И вот теперь, когда она убирала это белье, пропитанное ее влагой, чувство ужаса перед своим телом и близостью смерти возвращалось к ней в виде все той же поглощающей ее гладкой тошноты. Прежде она больше всего любила смотреть на то, как крутится барабан стиральной машины, и вещи, пропахшие ее потом, словно навсегда теряют свою индивидуальность, вновь становясь чистыми. Ей казалось, что вся сумма технического прогресса выжимает следы ее жизни и отпечатки ее тела из груды цветного тряпья и этим очищением ткани технический прогресс на ее глазах точно останавливает необратимые процессы. Увидев свою кровать без белья и голый матрас, она подумала о том, что все действия, связанные с очищением, напоминают ей о детстве и жертвоприношении одновременно. И она вспомнила о тонком, иллюзорном мире чистоты наволочек, одеял и подушек, о мире до первой менструации. О том, как ей нравилось вытягиваться всем телом посреди постели и ощущать фактуру белья, пахнущую химическими лугами, как зону кристальной чистоты. Чистоты, не доступной ей теперь. Она думала о том, что все ее мысли и вся наэлектризованная сетка влечения, растянутая между ней и несколькими людьми, оголяет ее нервные окончания до вероломного предела, как это бывало с ней раньше в первые теплые дни. И она хорошо помнила эту свою влагу, становящуюся избыточной от первого теплого солнца и предчувствия аффекта. И ей было странно и неловко оттого, что из всего этого вакуума желания почти полностью исключены мысли о любви. Она могла думать только о переплетении пальцев, языков. О дорожке темных волос на мужском теле. Она много думала о близости с двумя людьми одновременно, о дне, когда она впервые порезала свои руки, о приближении к черте смерти. И она пыталась представить себе, на что это будет похоже – близость с двумя или близость по любви с одним. На ожидание крови при акте собственной дефлорации или на случайную встречу с Богом в городском морге? И она подумала о том, сколько тайн хранит в себе, и о том, что, если она не выдержит этого, ее жизнь разойдется, словно рубцовая ткань, и тогда ей захотелось иждивения на руках у смерти, у волн забвения. И она вообразила себе размытие границ, черную воронку, голос диктора новостей, свою детскую тошноту, мужское тело и вскрытый омут желания. Она быстро окинула взглядом свою разоренную комнату, взяла в руки мешки для мусора и направилась к входной двери.

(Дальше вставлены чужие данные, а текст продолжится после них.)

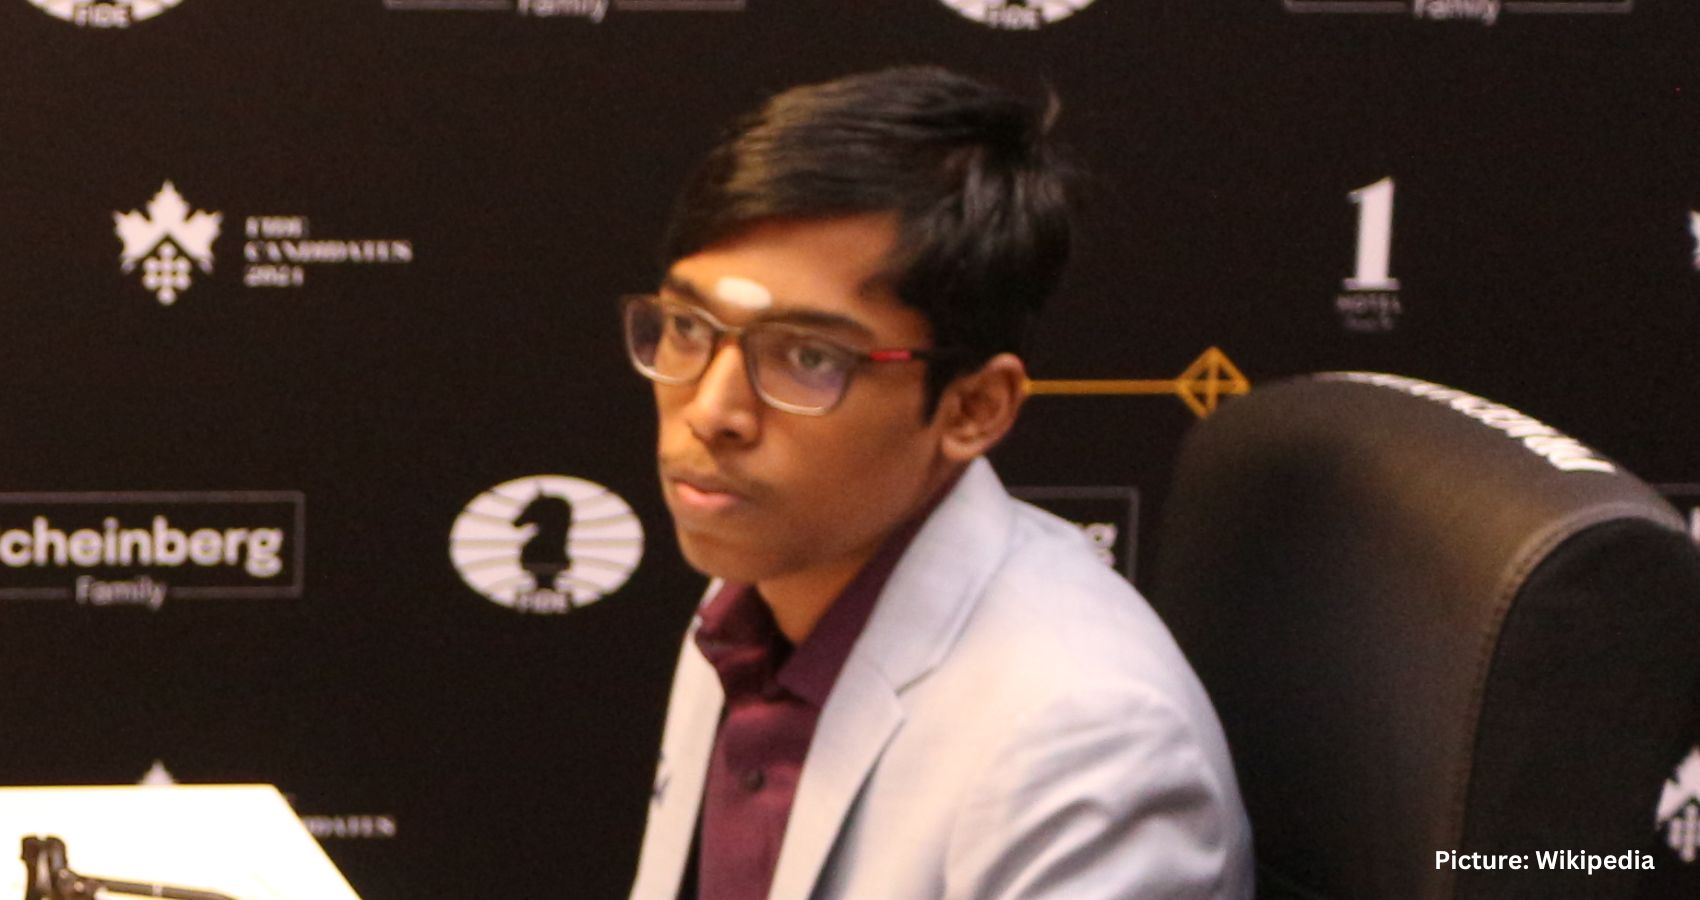 Featured & Cover 18 Year Old Indian Chess Prodigy R Praggnanandhaa Defeats World No 1 Magnus Carlsen in Landmark Victory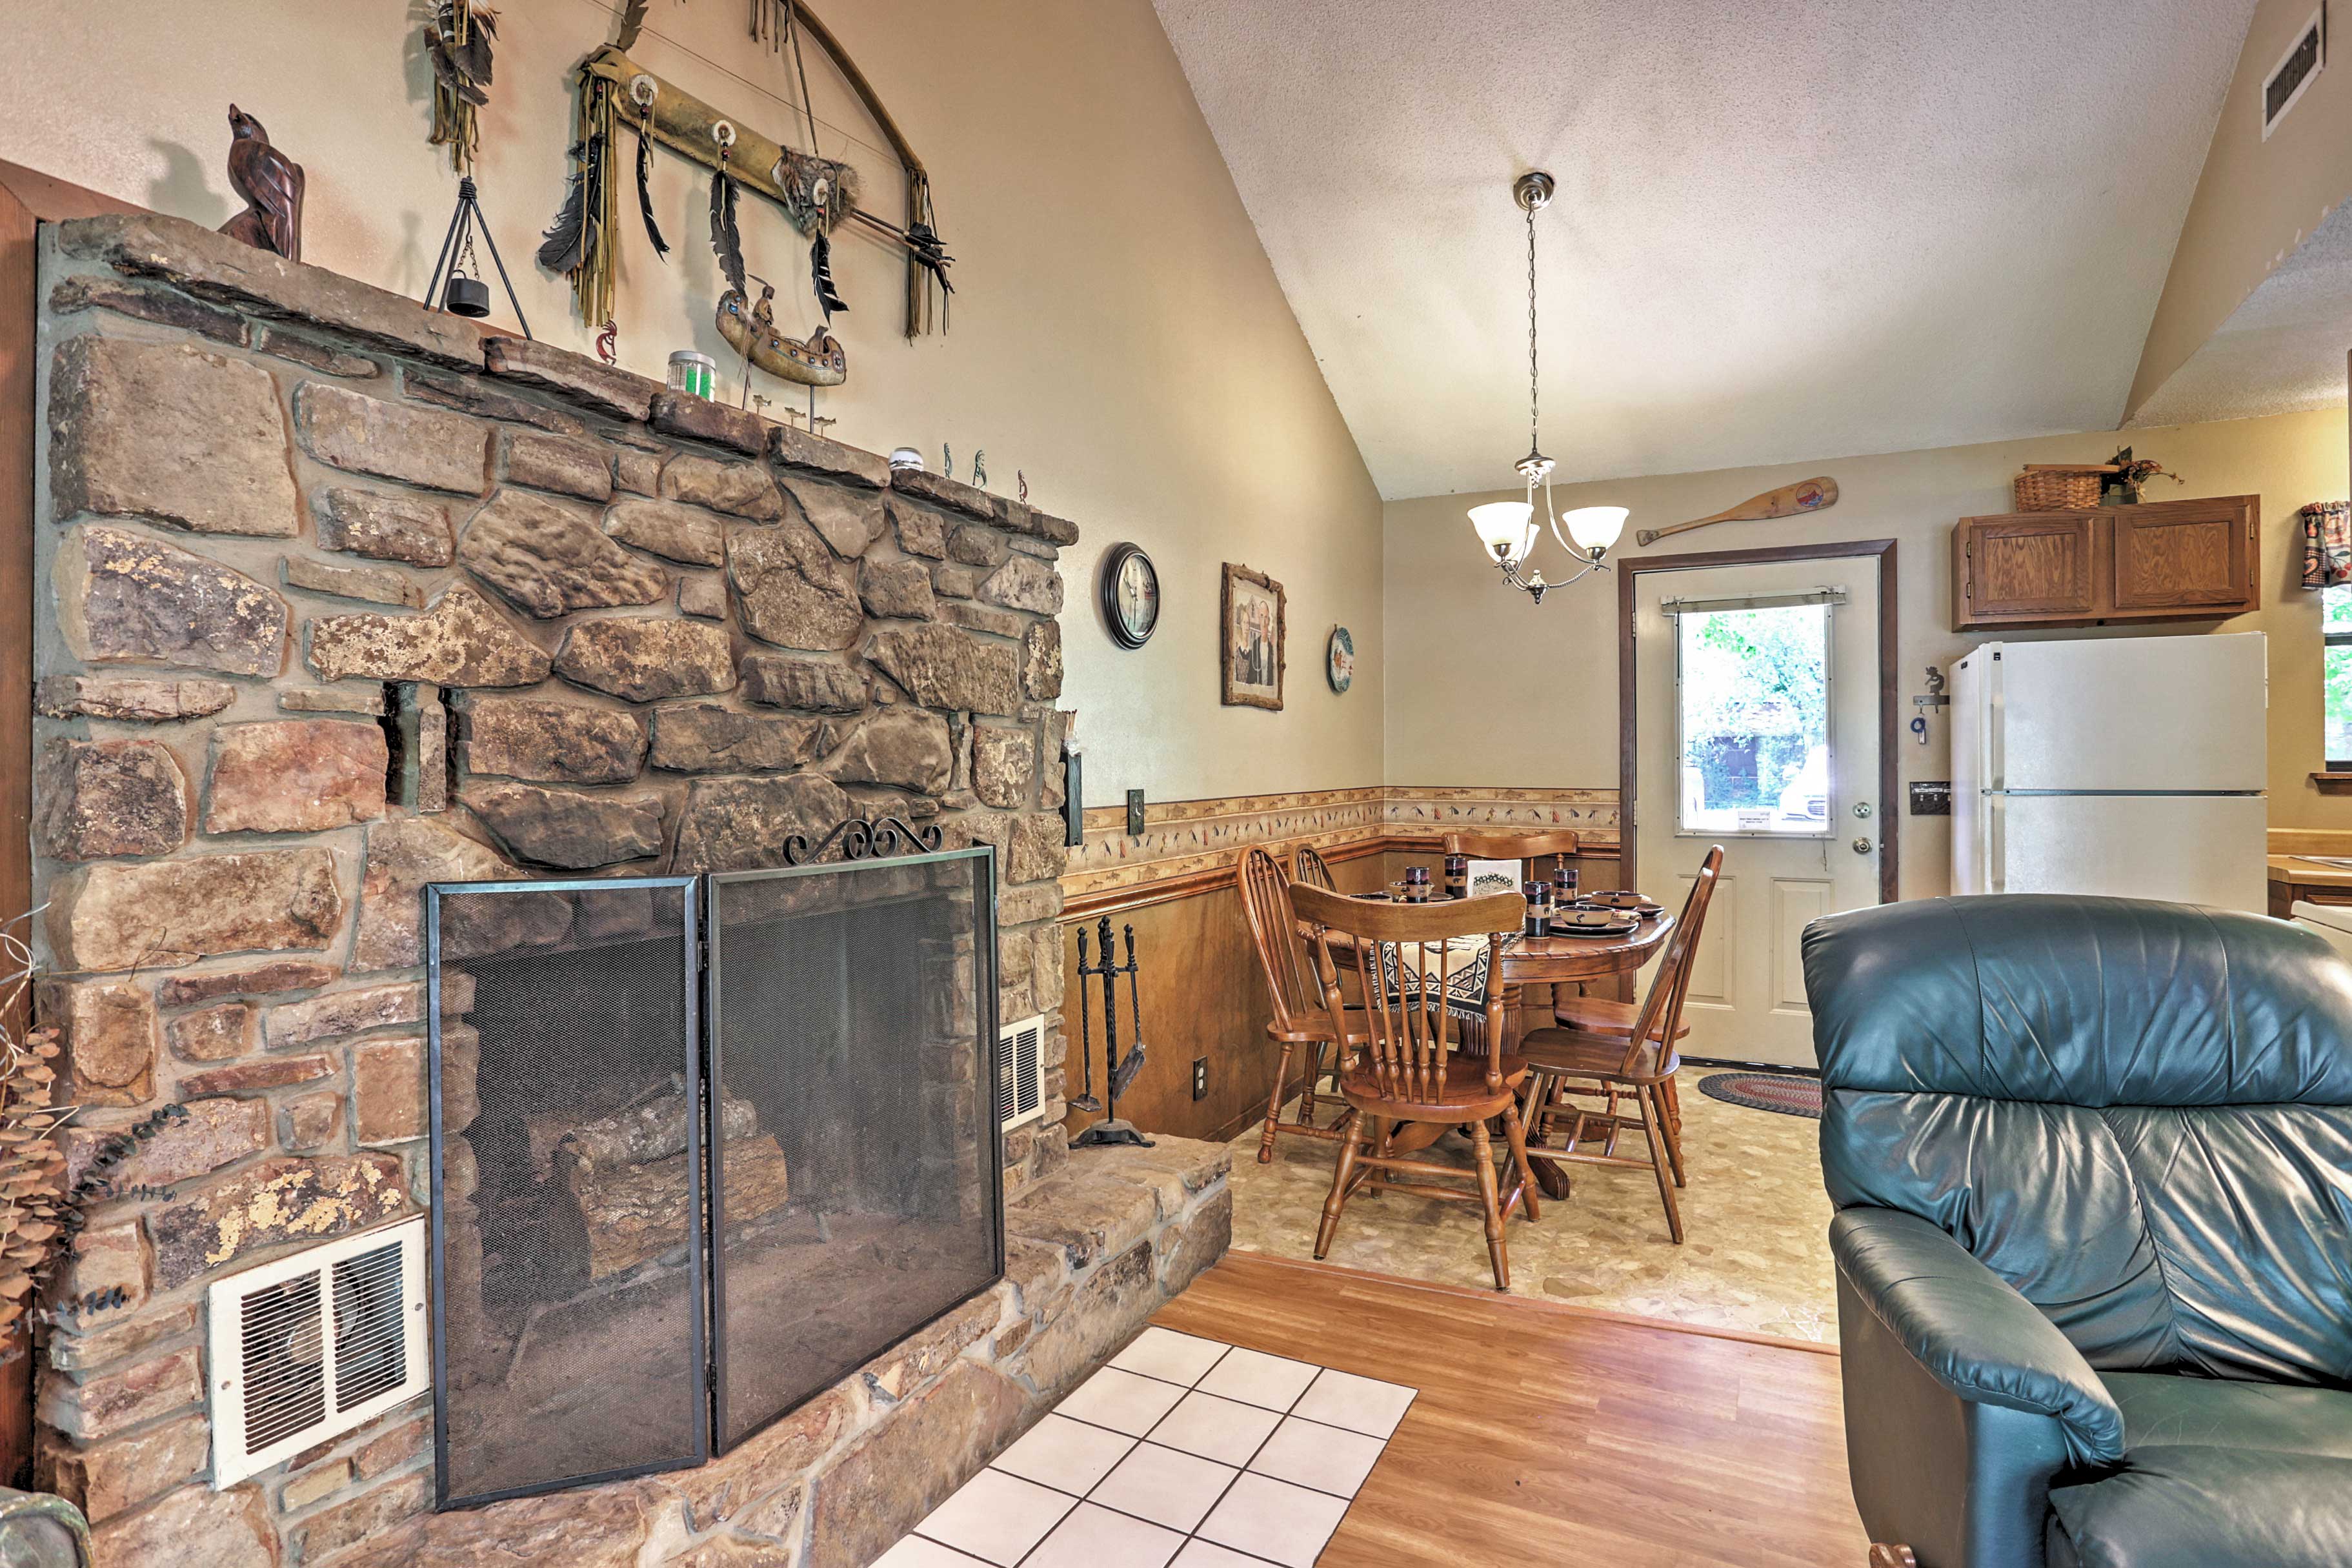 Cozy up with your significant other next to the stone fireplace.

На улице июльское солнце слегка обожгло ее лицо, она дотащила до помойки мешки с бельем, погрузила их в металлические урны и, почти свободная, пошла по летней улице в сторону метро. Когда она зашла в вагон, то увидела трех новобранцев. Она села напротив них, и они впились глазами в ее лицо и грудь. И она ощутила покорность и отвращение к этой покорности, к ее неизбежности. Она вспомнила красные сгустки крови на своих пальцах этим утром – начало месячных. И она стала думать о циркуляции желания во время войны и представила себе групповое изнасилование под ветками сирени под звуки песни про Катюшу.
Этот неудобный в своей очевидности образ и мысли о звуках бомбардировок плавно перешли в воспоминания о двух-трех выгоревших волосах в бороде любимого ею человека, о затмении всех слов и речи, о церковном запахе. И она снова вернулась к мыслям о пережитой близости с двумя людьми одновременно, пока новобранцы смотрели на нее только как на плоть в одежде. И ей захотелось соответствовать этому взгляду, стать только плотью, дырой. И на фоне этого желания соответствовать чужому желанию – внезапные воспоминания о том, что любовь делает лицо красивым, причинили ей боль. Она хорошо знала, что у попыток обладания другим и другими всего несколько схем, и все они вызывали у нее скуку и отрицание. И ей захотелось на мгновение стать просто хлебом и водой – пищей для страждущих. И тогда она осознала, что ее желание быть поделенной между несколькими людьми имело ту же природу, что и желание быть хлебом и водой. Быть захваченной, использованной, зачеркнутой, завершенной с помощью других.
И когда на одну только станцию вагон метро выехал на свет и промчался мимо спальных новостроек, она представила себе топот детских ног в новой квартире, запах нового паркета и молока. И теперь эти запахи и само предчувствие этих запахов и поверхностей было для нее частью прошлого, которое закончилось потребностью отдаться двум людям одновременно.